_ACTION ITEM:_
For this exercise, copy the data exactly and omit any images.

:: THE DATA ::

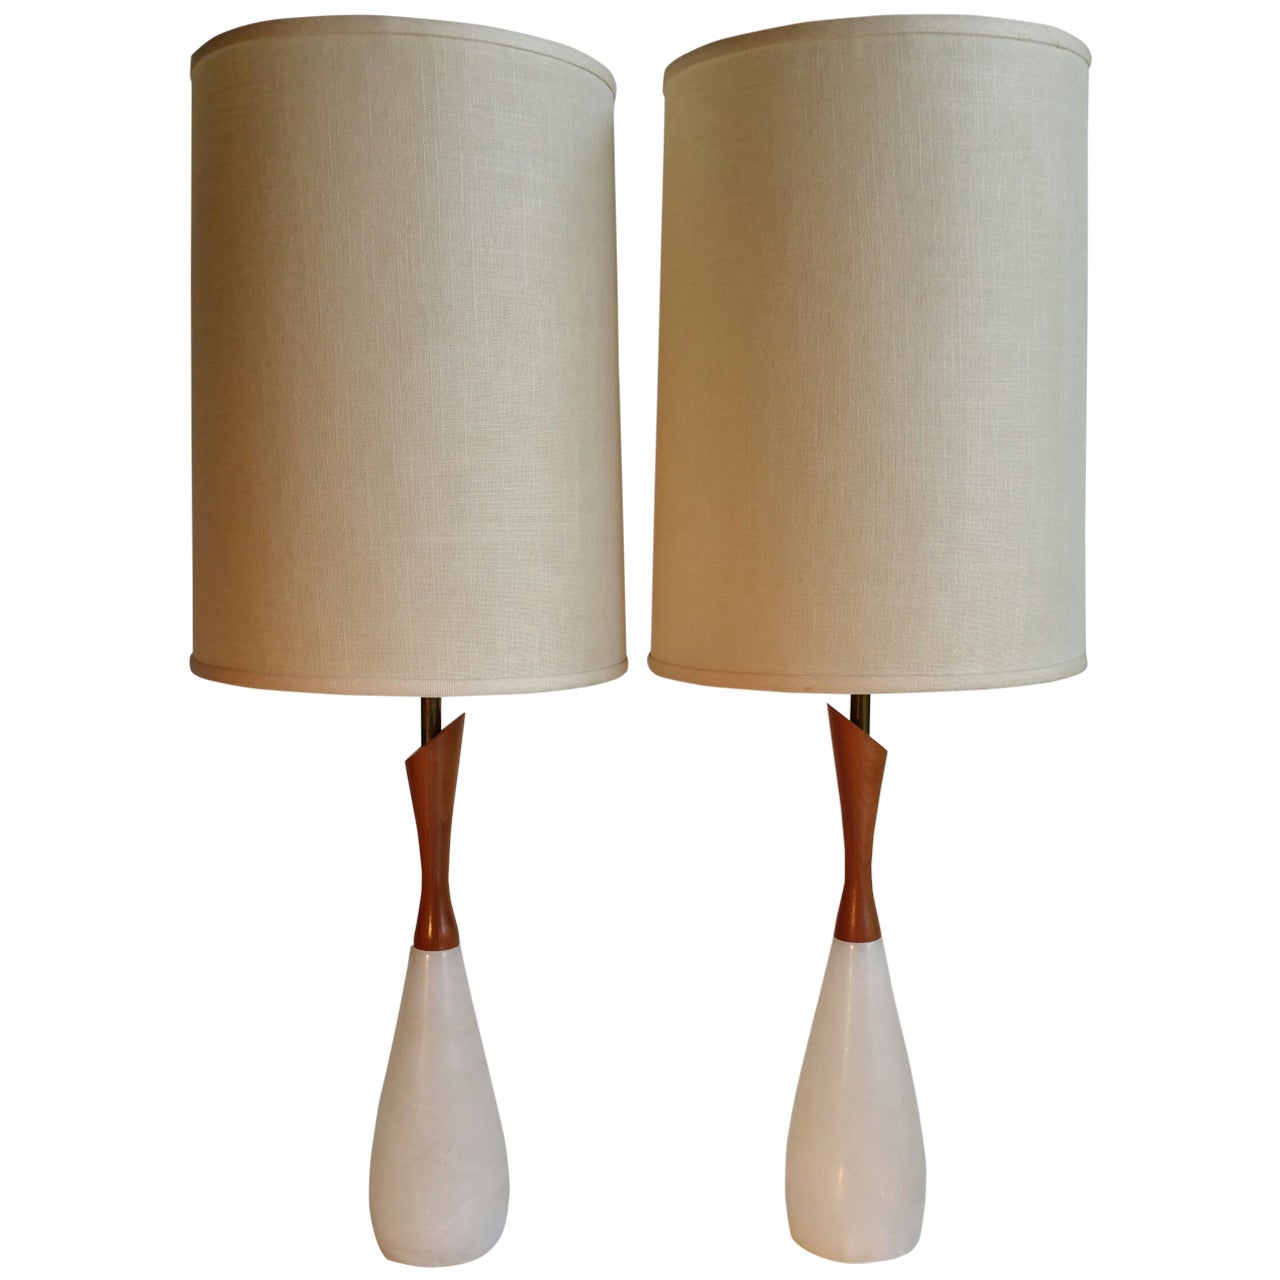 Pair of Quartz and Teak Mid-Century Modern Table Lamps
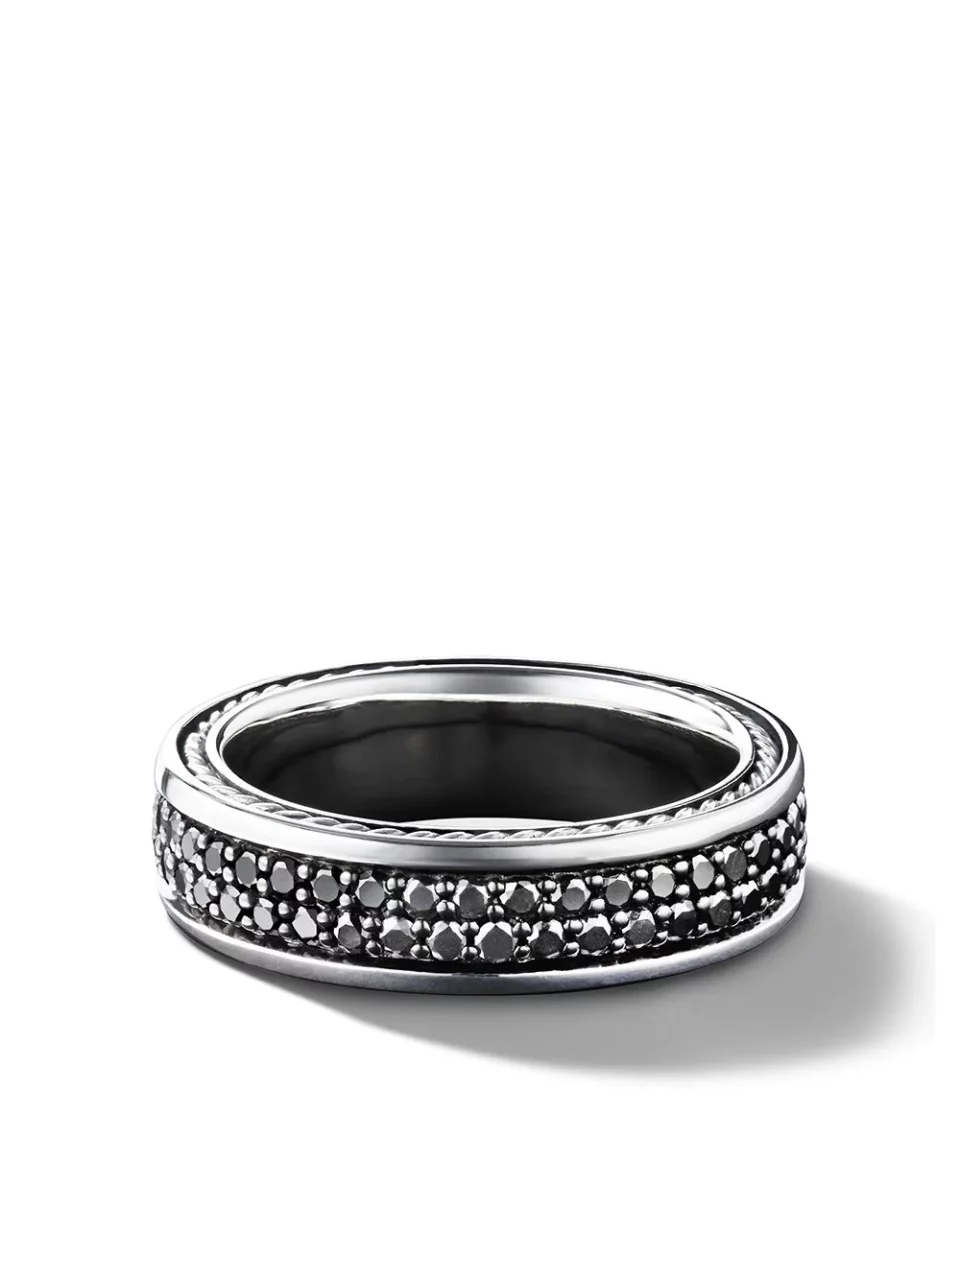 Streamline silver ring from David Yurman
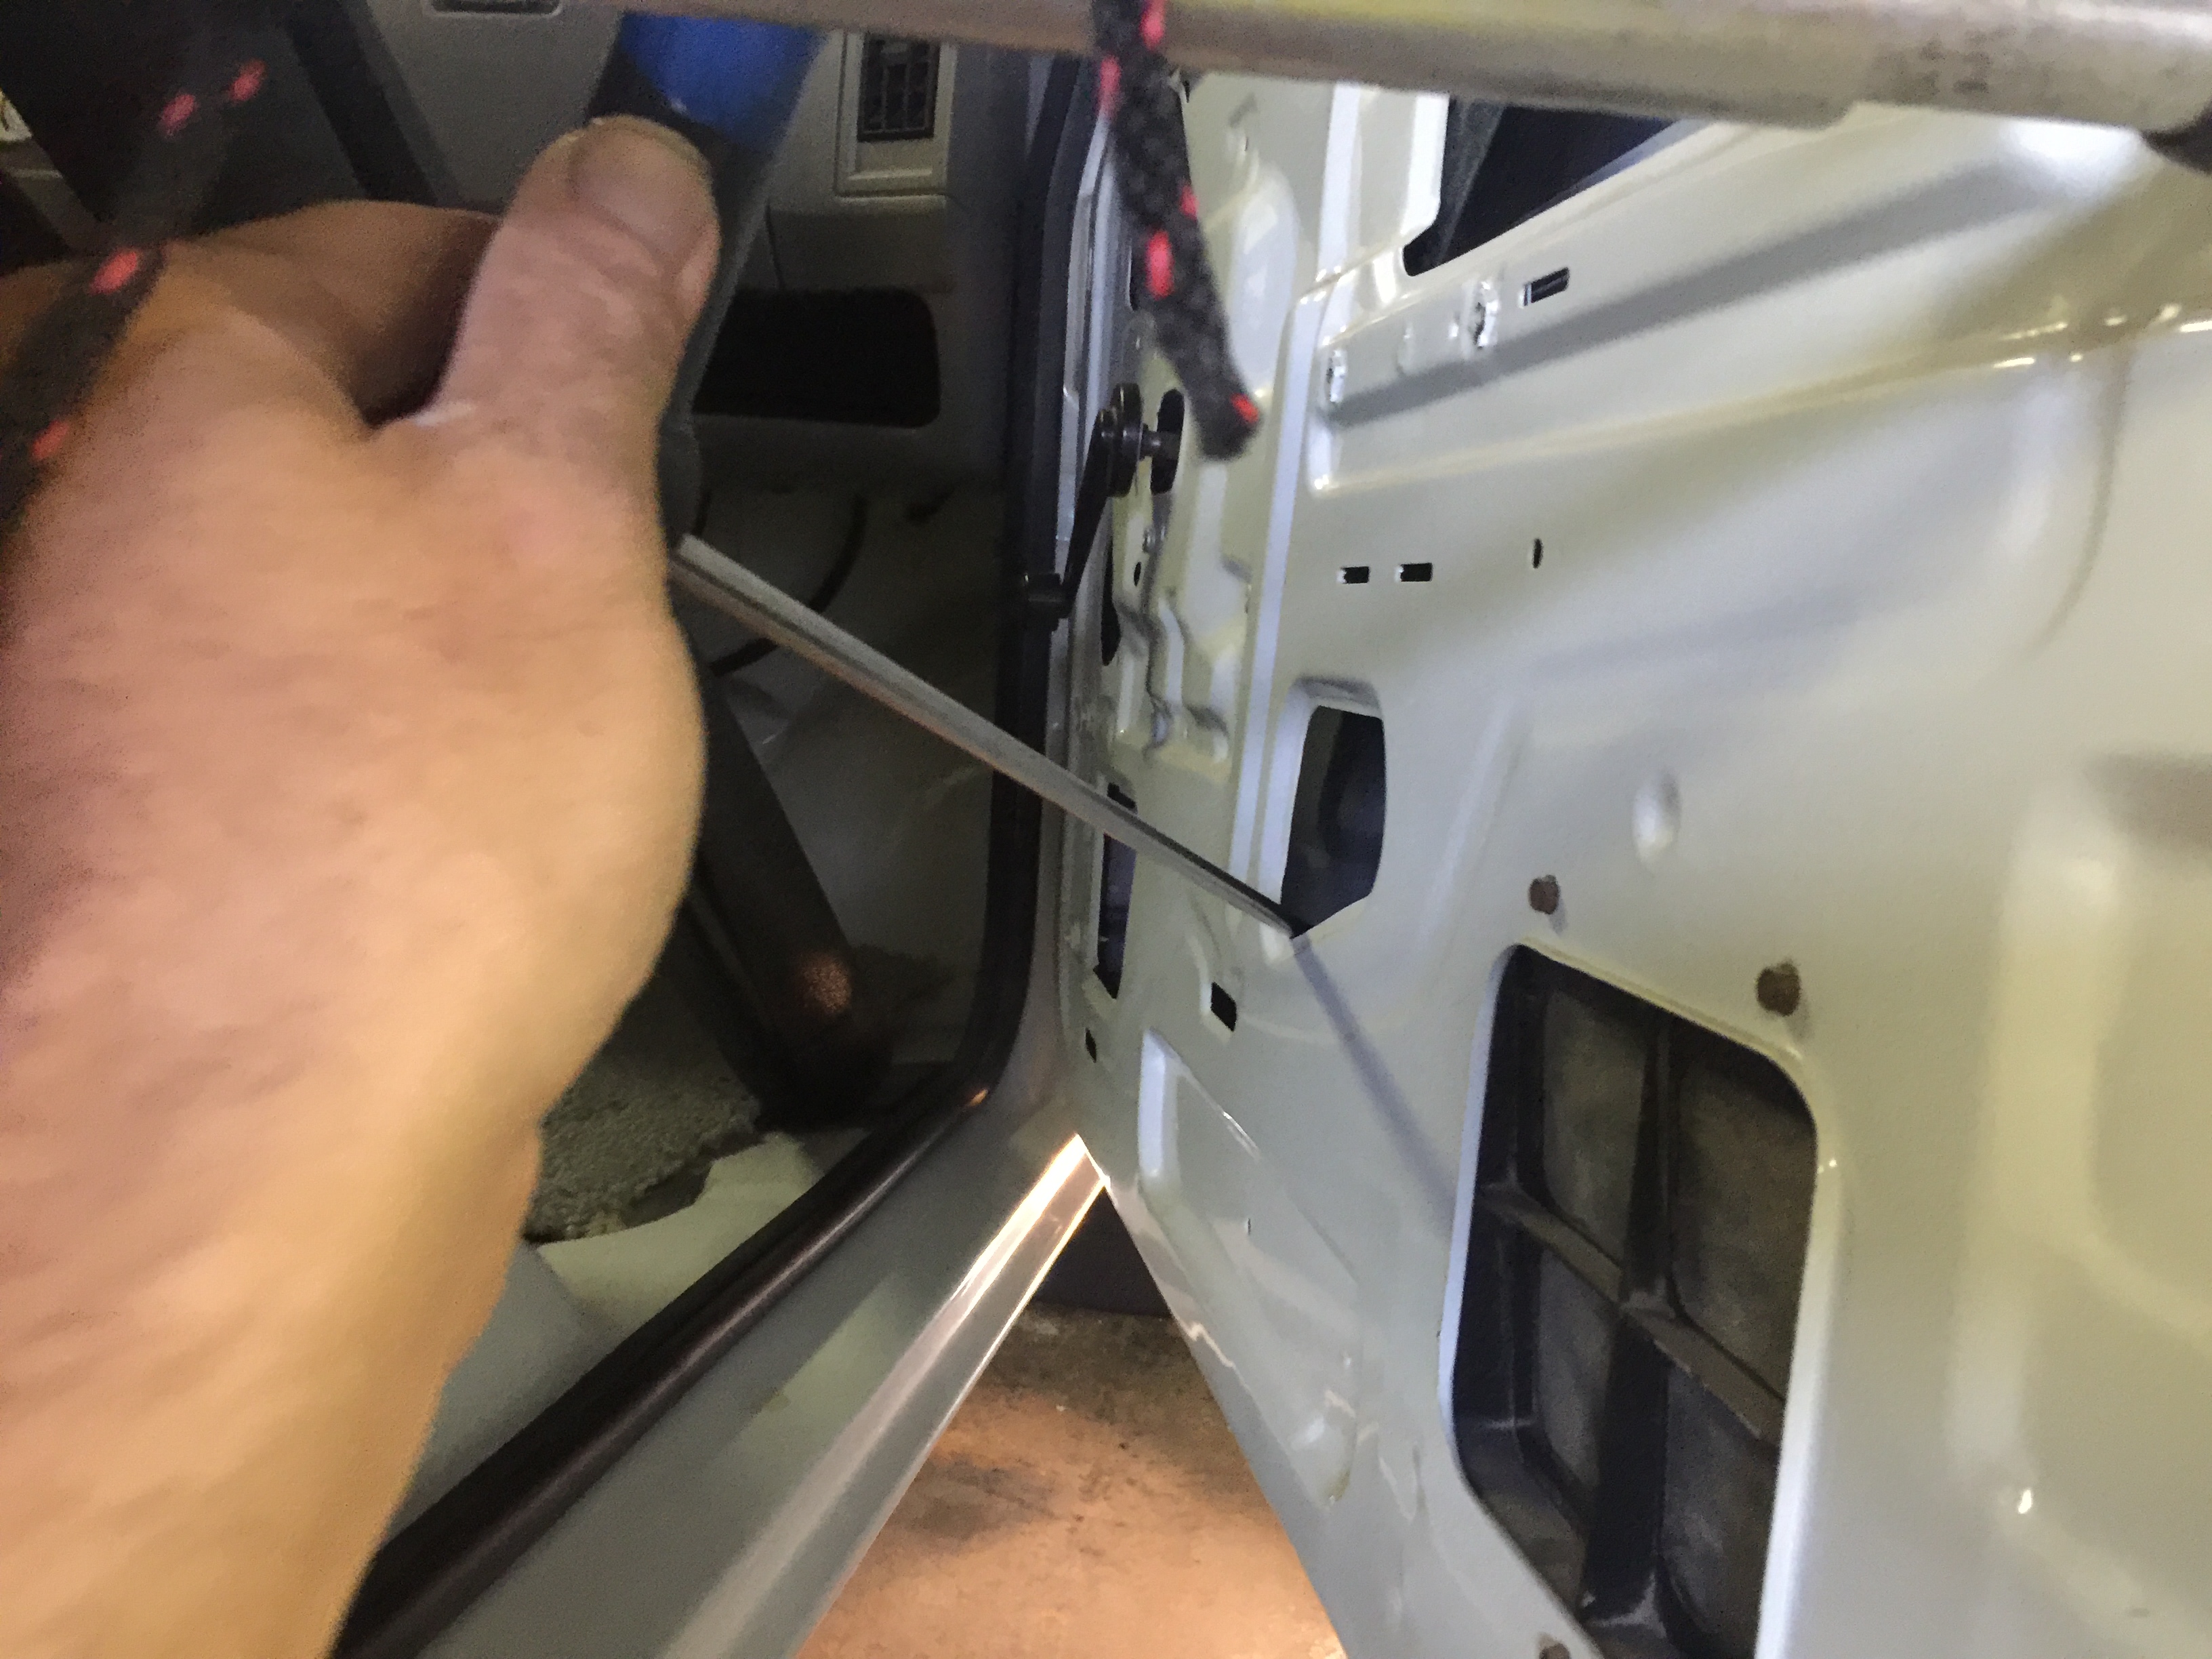 1998 Chevy S-10 Dent Repair, Springfield, IL. https://217dent.com

:::

_TASK RESULT:_
 Pair of Quartz and Teak Mid-Century Modern Table Lamps
 Streamline silver ring from David Yurman
 1998 Chevy S-10 Dent Repair, Springfield, IL. https://217dent.com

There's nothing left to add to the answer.